Which of the following is not a dimensionless quantity?

(A) Relative magnetic permeability ( $μ$ _r)

(B) Power factor

(C) Permeability of free space ( $μ$ ₀)

(D) Quality factor

Correct answer is (C)

[ $μ$ _r] = 1 as $μ$ _r = $\frac{μ}{μ_{m}}$

[power factor (cos $ϕ$ )] = 1

$μ_{0} = \frac{B_{0}}{H}$ (unit = NA^{$-$ 2}) : Not dimensionless

[ $μ$ ₀] = [MLT^{$-$ 2}A^{$-$ 2}]

quality factor $(Q) = \frac{E n e r g y s t o r e d}{E n e r g y d i s s i p a t e d p e r c y c l e}$

So Q is unitless & dimensionless.

23.(JEE Main 2021 (Online) 26th August Evening Shift )

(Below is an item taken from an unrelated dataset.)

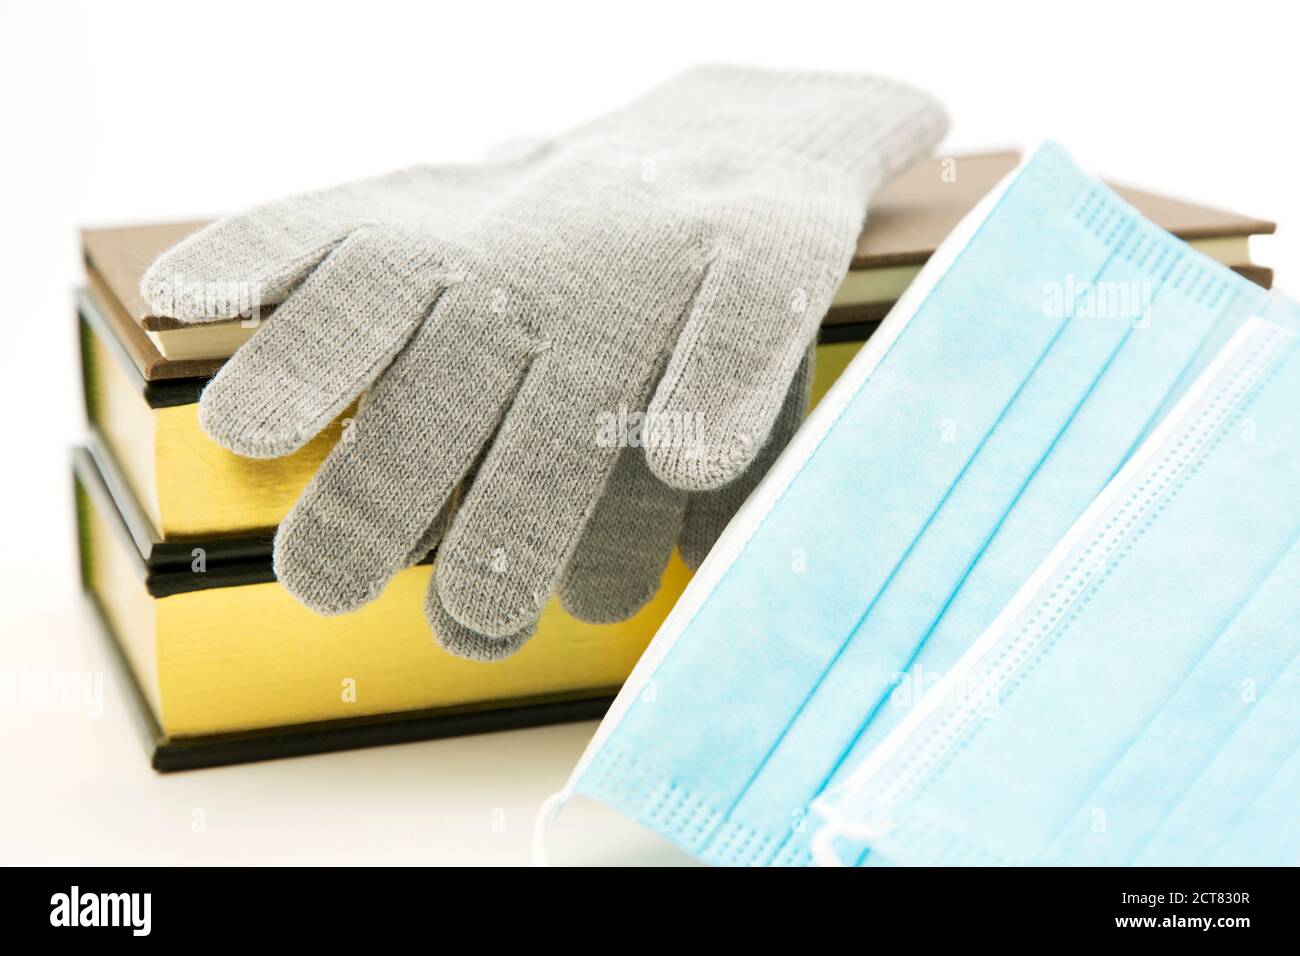 Graue Winterhandschuhe und Bücher, die mit Covid-Masken platziert sind, spiegeln wesentliche persönliche Schutzausrüstung, PSA und Schulausrüstung für die Wintergrippezeit in Corona wider Stockfoto

Match List - I with List - II

List-I		List-II
(a)	Magnetic Induction	(i)	ML²T^-2A^-1
(b)	Magnetic Flux	(ii)	M⁰L^-1A
(c)	Magnetic Permiability	(iii)	MT^-2A^-1
(d)	Magnetization	(iv)	MLT^-2A^-2

Choose the most appropriate answer from the options given below :

(A) (a)-(ii), (b)-(iv), (c)-(i), (d)-(iii)

(B) (a)-(ii), (b)-(i), (c)-(iv), (d)-(iii)

(C) (a)-(iii), (b)-(ii), (c)-(iv), (d)-(i)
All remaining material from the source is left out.